Thursday, February 19, 2015

Does Isaac Like Snow?

CELEBRATING CHRISTMAS
(On Valentine's Day)

My mom was given this great plaque that reads "All Hearts Come Home for Christmas." It turns out it's true...some of us are just two months late! My dad left all of his Christmas decorations up so that we could celebrate together. Honestly, with the cold weather and family, it truly felt like Christmas.
Isaac arriving at Nana and Poppy's for the first time.

Checking out the inflatables.

Santa gets a high-five...

...and a hug.

Isaac was fascinated by the lights.

I'm not sure if he knows what a real candy cane is but he thought these were pretty cool.

His stocking :)

Nana has 3 toddler coats hanging at her house now! (Not sure where baby Jack's coat was) 4 grandkids, how did that happen?

Isaac get's hyper when he is around a lot of new things (People are fine, it's just stuff that gets him all zooey).

Isaac's first look at a Christmas tree.

He immediately started trying to take off the ornaments and almost broke 3. He's all boy!

I limited Nana and Poppy to one gift. It was hidden in the coat closet :)
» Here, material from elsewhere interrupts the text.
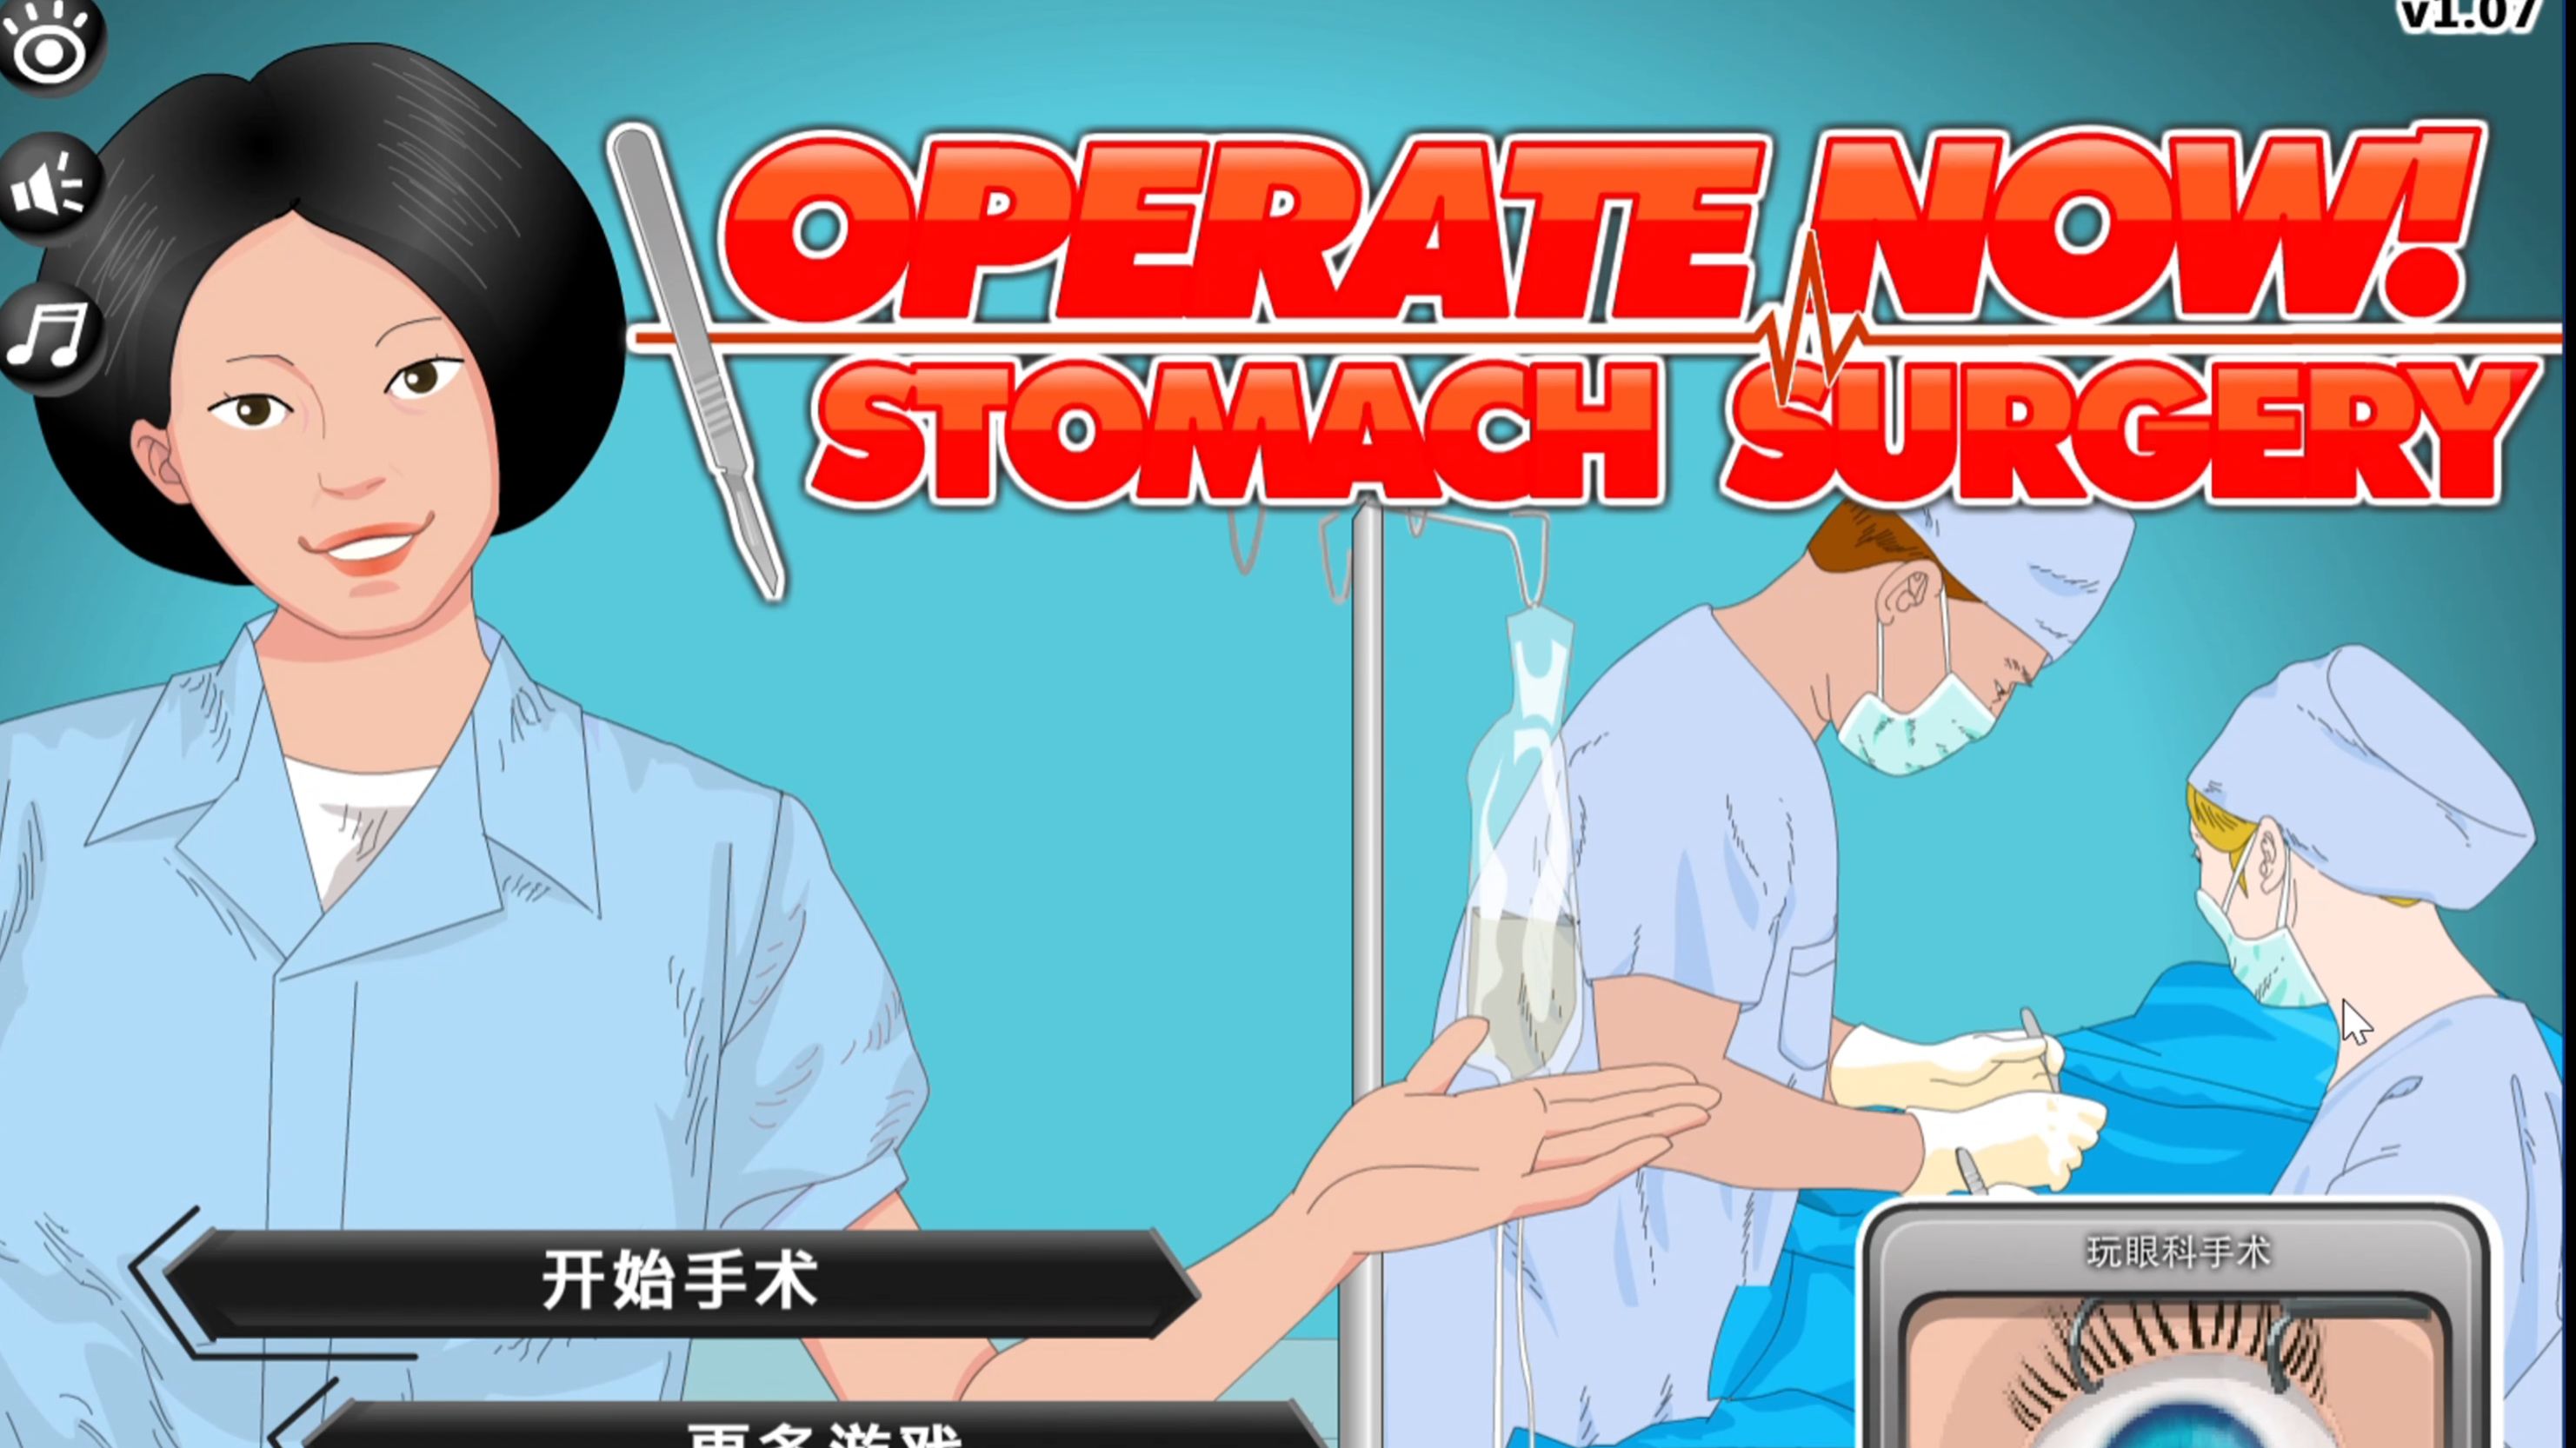 【测试版演示】胃部手术 
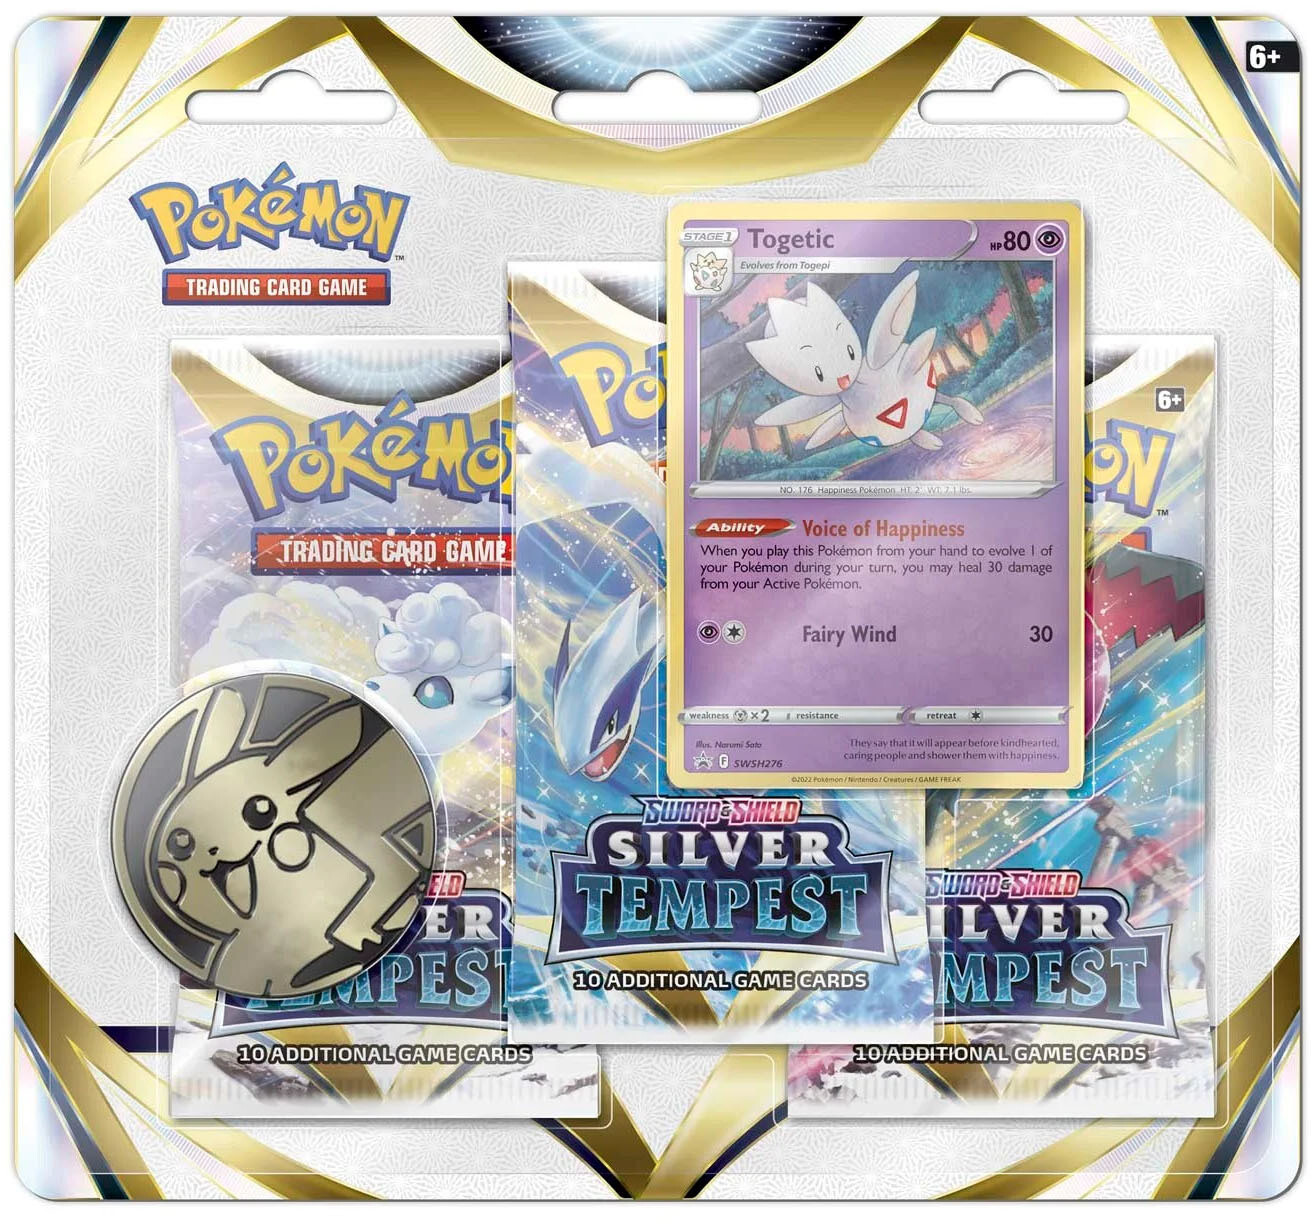 Pokémon - Silberne Sturmwinde - Blister Pack - Togetic - EN

A boda boda!! (Motor cycle)

Also check out Isaac's cool new shoes from Uncle Adam and Aunt Cindy. Isaac now asks for his "geen shoes" every morning. They also managed to combine Isaac's two loves (shoes & cars) with a pair of Lightning McQueen slippers. These are also a huge hit and Isaac can put them on by himself which is a major plus!

Everyone got a turn :)





DISCOVERING SNOW

Cara demonstrates a snow angel


First snowball. Afterward Isaac got a great kick out of throwing snowballs at the dog. Thankfully, Reeses loves this game and tries to catch them in her mouth.

Getting more snow to throw at Reeses.

Cara demonstrating how to eat snow. We taught Isaac about yellow snow and Cara said "why not?" Yet another example of something you have to teach a boy and not necessarily a girl. Cara went 5 years without that speech.




Isaac is watching Bill eat snow.

He kept trying but Isaac never understood the thrill.

Attempting snow angels. When we told Isaac to flap his arms he started clapping.


Now we are out in the deep snow. Little Man down!

Cara after a direct hit.



Daddy pulling the kids on the sled.


Little Man down, again.

Ultimately Isaac loved the "know" (snow).  He continues to ask to go out and play in it but we're waiting for another day of warm sunshine. We don't want to freeze our little guy just yet.


MEETING THE FAMILY

Aunt Katie & Uncle Nick came down to spend a snowed in Sunday with Isaac. Nick & Katie brought Isaac his first action figure, Iron Man. No matter what Isaac's interests turn out to be he has an Uncle for that...cars, action heros, sports, movies, music etc. We are so thankful to have so many awesome men in Isaac's life.
(I wish there was a way to rotate these photos)


The snow day on Tuesday also brought a surprise visit from Uncle Chris and Aunt Samantha. 

Isaac got a huge kick out of showing his books to them and pointing out everyone he knows. 



CHOP

No I'm not making dinner. Yesterday we went to the Children's Hospital of Pennsylvania.

As we drove down 95 South I marveled at how lucky we are to have one of the countries best pediatric hospitals just a half hour from home. CHOP has an entire unit for International Adoption cases and the unique medical complications they bring. When you are given a referral of a child you are encouraged to have the medical portion reviewed by a medical professional before saying "Yes" to things you might not understand. Dr. Friedman has been with us since our first referral of Simon and we were thrilled to finally see her in person yesterday.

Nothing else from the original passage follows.